Do NOT trust the dangerous foreigner

When wanting “something more” is just a trap

The structure of national longing depicted in the movie is that Americans have business success (as well as every other kind of success), and the Chinese understandably want a piece of that. But Americans have nationalist inferiorities of our own. Sometimes we get bored with mere business success, and historically we look eastward to Europe for some kind of art and culture we can never have. Henry James is the avatar of our own national discontent: Americans feel obscurely that we are not good enough at artistic subtlety and dark psychology, so: well, have you read Portrait of a Lady? Some of those national dreams of beating Europeans at their own game are embodied in American universities—but these Chinese students ignore the atavistic Eurocentric parts of American universities (a.k.a. the humanities) because they can’t translate those courses into success at home. Poetry (as Wang discovers) does not cross borders easily.

The movie’s Chinese students show that the emotional structure of meritocracy can be international: it leaves you with perpetual longing and self-hatred, whether you feel like an insider or (as more commonly) a parvenu, an immigrant, a racial minority, a sexual minority. There’s a kind of solution for this, and it is to come together and recognize our common needs rather than focus just on our own “success.” (It would have been nice, for instance, if Meng had some sympathy for the waitress who under-tipped him—since they are caught in common structures of blue-collar precarity—rather than simply being offended and rejoicing when he surpasses her.) But of course meritocracy is also about the desire for individual distinction, and that’s pretty much the opposite of wanting to share that hard-won respect with others. It’s easier to be generous when you’re at the top—which is why we need at least the fiction that we get our degrees in order to give something back to society. That counterweight to personal selfishness is not just good for those less fortunate; it provides an essential emotional buffer against the fears of personal inadequacy that can make meritocracy so painful.

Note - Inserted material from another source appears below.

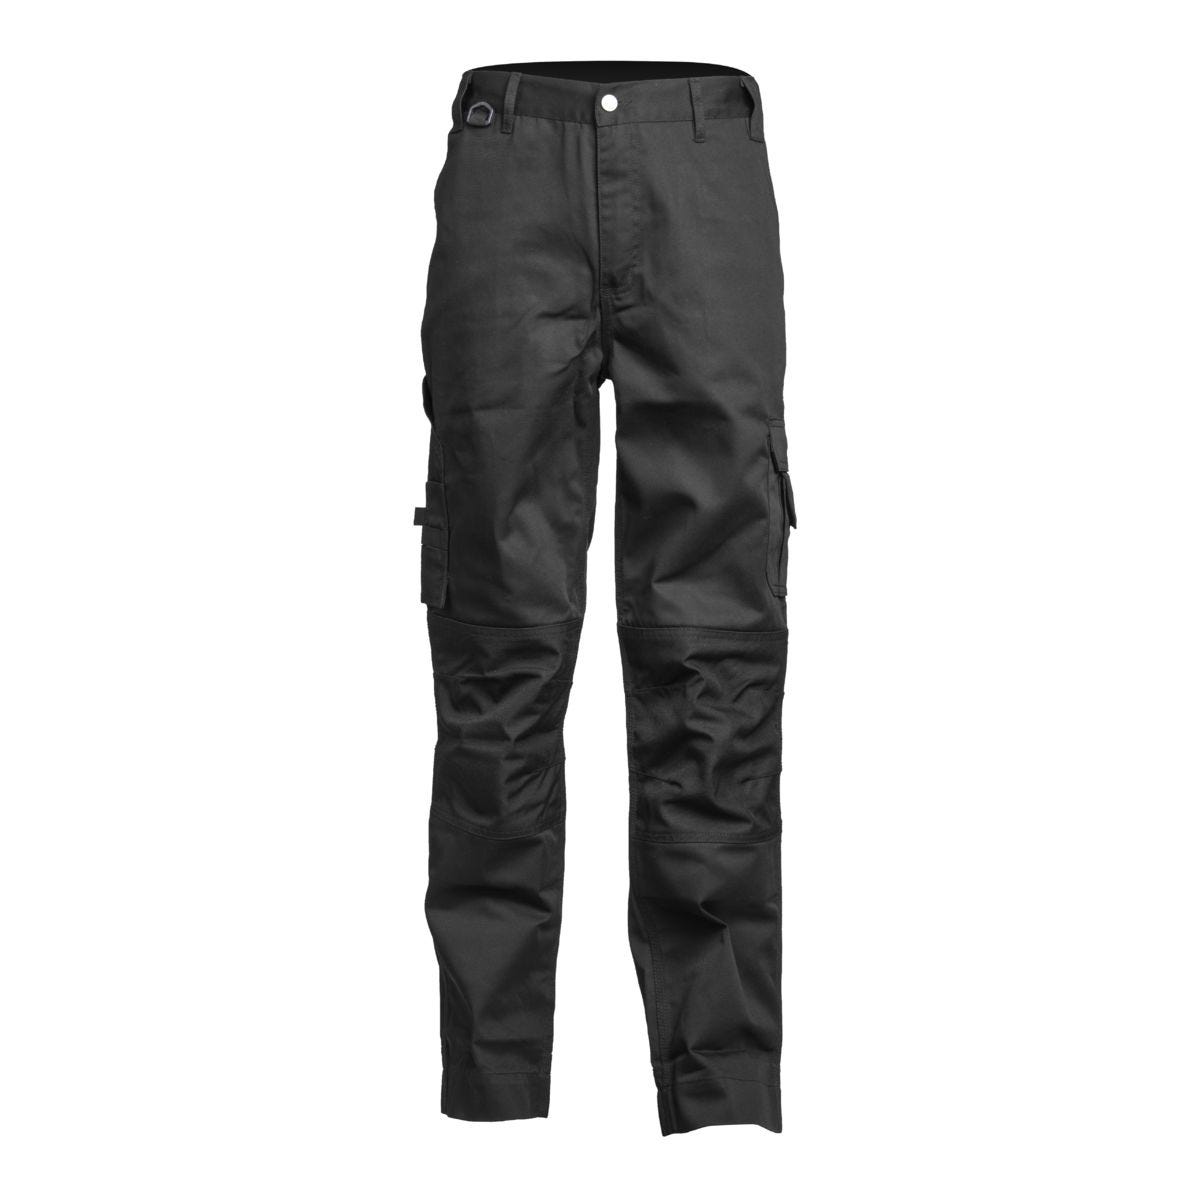 Pantalon CLASS noir - COVERGUARD - Taille L 0

… but my secret last name is “Loser.”

Both heartless meritocracy and idealistic scholarship can lead to disappointment and disillusionment. But they’re not completely identical: the idealism of scholarship is ultimately to advance the cause of free inquiry and truth, not just individual success. If the American university loses that idealism and turns into a mere degree-granting machine, we will lose part of our raison d’être, as William James warned. Moreover, an entirely selfish meritocracy is almost too painful to bear; you never stop feeling like a loser. American Dreams in China shows that the desire to rise is a powerful force, and its nationalism is kind of understandable, but its depiction of the motivation for success is ultimately narrow and unsatisfying.